PANAMA CANAL'S LESSON: U.S. MUST BUILD BRIDGES, NOT FENCES --- LA LECCION DEL CANAL DE PANAMA
Last weekend's decision by Panama to embark on a $5.2 billion expansion of the Panama Canal should teach a lesson to the new crowd of U.S. Latin America bashers -- often disguised as immigration control advocates on cable television networks -- about how wrong their predecessors were in one of Washington's biggest debates over Latin America ever. I'm talking about the 1977 Panama Canal treaties, which turned over full control of the canal to Panama in 2000. Read
the full column here, and let us know what YOU think.
My opinion Andrés Oppenheimer : Panama delivers a lesson to isolationists
My opinion Andrés Oppenheimer
Last weekend's decision by Panama to embark on a $5.2 billion expansion of the Panama Canal should teach a lesson to the new crowd of U.S. Latin America bashers often disguised as immigration control advocates about how wrong their predecessors were in one of the biggest U.S. debates over Latin America ever.

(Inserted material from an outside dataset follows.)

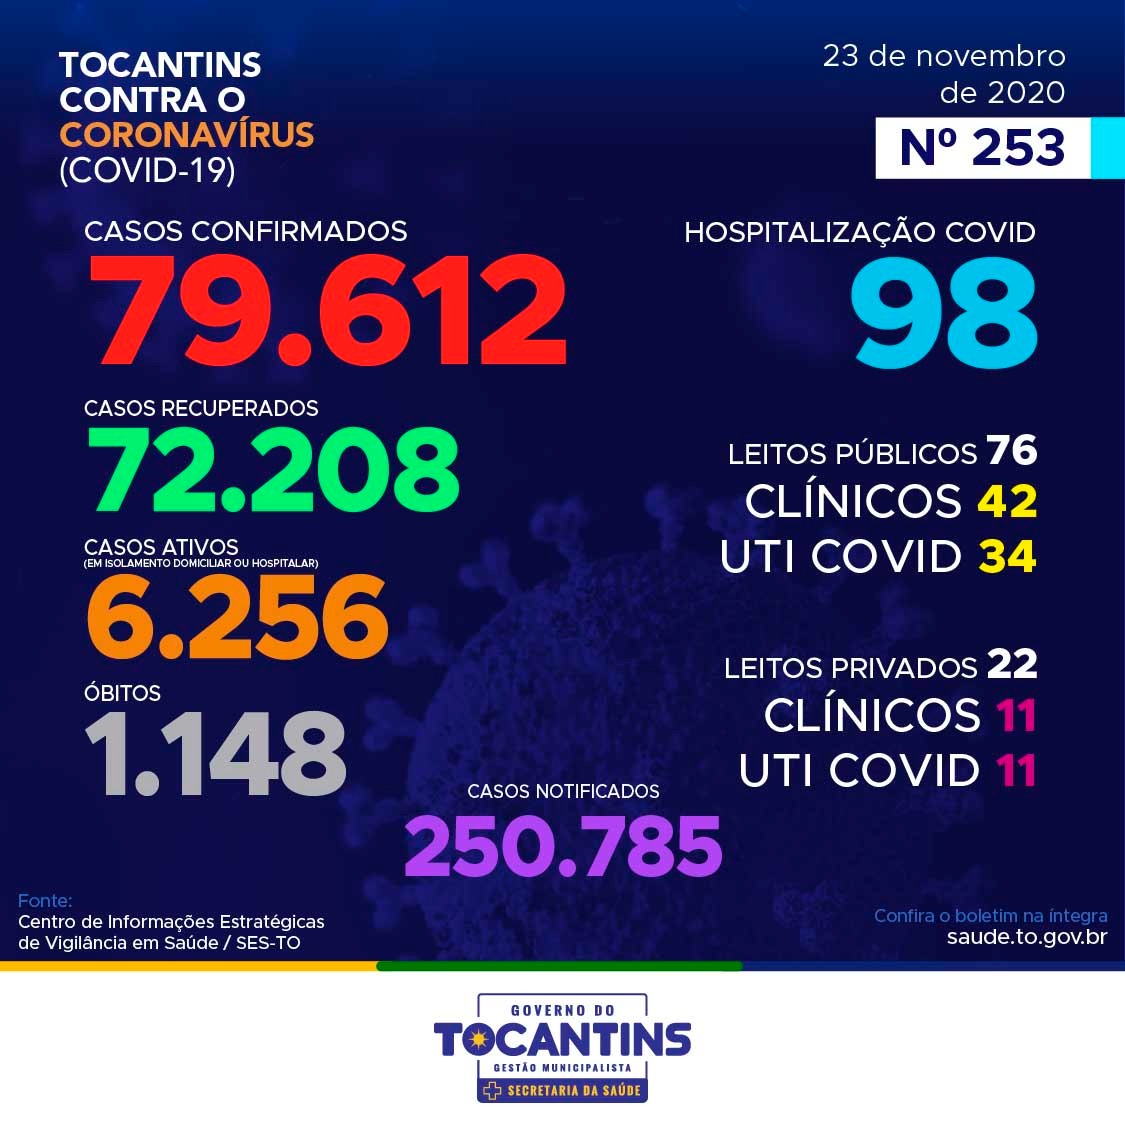 Coronavírus: Tocantins confirma 100 novos casos hoje, destes, 56% estão entre 20 e 39 anos

I'm talking about the 1977 Panama Canal treaties, which turned over full control of the inter-oceanic canal to Panama in 2000. During the Carter administration, when the U.S. Congress debated passionately over whether to ratify the treaties, powerful senators and journalists claimed that Panama would be incapable of running one of the world's biggest waterways.
"Panama is woefully lacking in management skills," Adm. Thomas H. Moorer, former chairman of the Joint Chiefs of Staff, told a congressional committee during the 1978 ratification process. "It is very doubtful whether it will acquire the capability to maintain and efficiently operate the canal."
"The mechanisms of the canal do not operate by means of good feelings
but requires the skillful manipulation of a complex series of locks," then-Sen. Paul Laxalt, R-Nev., told the same committee. "Panama does not have such qualified people."
The late Sen. Barry Goldwater, R-Ariz., was quoted by The New York Times on Feb. 23, 1978, as saying that Panama's corruption would ruin the canal. "I know these Latin countries. I know when it's perfectly all right to lie. You couldn't get away in the United States with the things we see gotten away in many other parts of the world," Goldwater said.
But opponents of the treaty turned out to be dead wrong. Last week, after approval of a referendum in Panama to expand the canal, I decided to do a reality check and find out how the Panamanians have managed the canal since they took it over on Dec. 31, 1999.
On virtually all counts, Panama did extremely well:
● The Panama Canal's income has soared from $769 million in 2000, the first year under Panamanian control, to $1.4 billion in 2006, according to Panama Canal Authority figures.
● Traffic through the canal went up from 230 million tons in 2000 to nearly 300 million tons in 2006;
● The number of accidents has gone down from an average of 28 per year in the late '90s to 12 accidents in 2005;
● The average transit time through the canal is averaging about 30 hours, about the same as in the late '90s;
● Canal expenses have increased much less than revenues over the past six years from $427 million in 2000 to $497 million in 2006.
"All the indicators are positive," Panama Canal Authority head Alberto Aleman Zubieta told me in an interview this week. "Contrary to the claims of those who said that Panama would be incapable of running one of the biggest routes of world trade, the opposite has happened: It has been managed just as well, if not better, than when it was under U.S. control."
Former U.S. Ambassador to Panama Linda Watt, who served in Panama from 2002 to 2005, agrees. She told me in a telephone interview that the canal operation under Panamanian hands has been "outstanding." She added, "The international shipping community is quite pleased."
Some of today's anti-immigration isolationists such as CNN's Lou Dobbs and recurrent presidential candidate Pat Buchanan have cried wolf over the fact that Panama has allowed a Hong Kong company, Hutchinson Whampoa Ltd., to run two of Panama's six ports. Panama says it's a business operation like any other. U.S. Ambassador to Panama William Eaton was quoted by the Associated Press this week as saying that China's interest in the canal is "purely economic."
My opinion: Latin America may have all kinds of unresolved problems, but history shows that America's Hispanic-allergic isolationists are often more influenced by their prejudices than by reality.
Instead of building walls to further separate the United States from Latin America, Washington should follow the European example and build bridges to the region. As the Panama Canal story shows, it can be done, if we just give people a chance.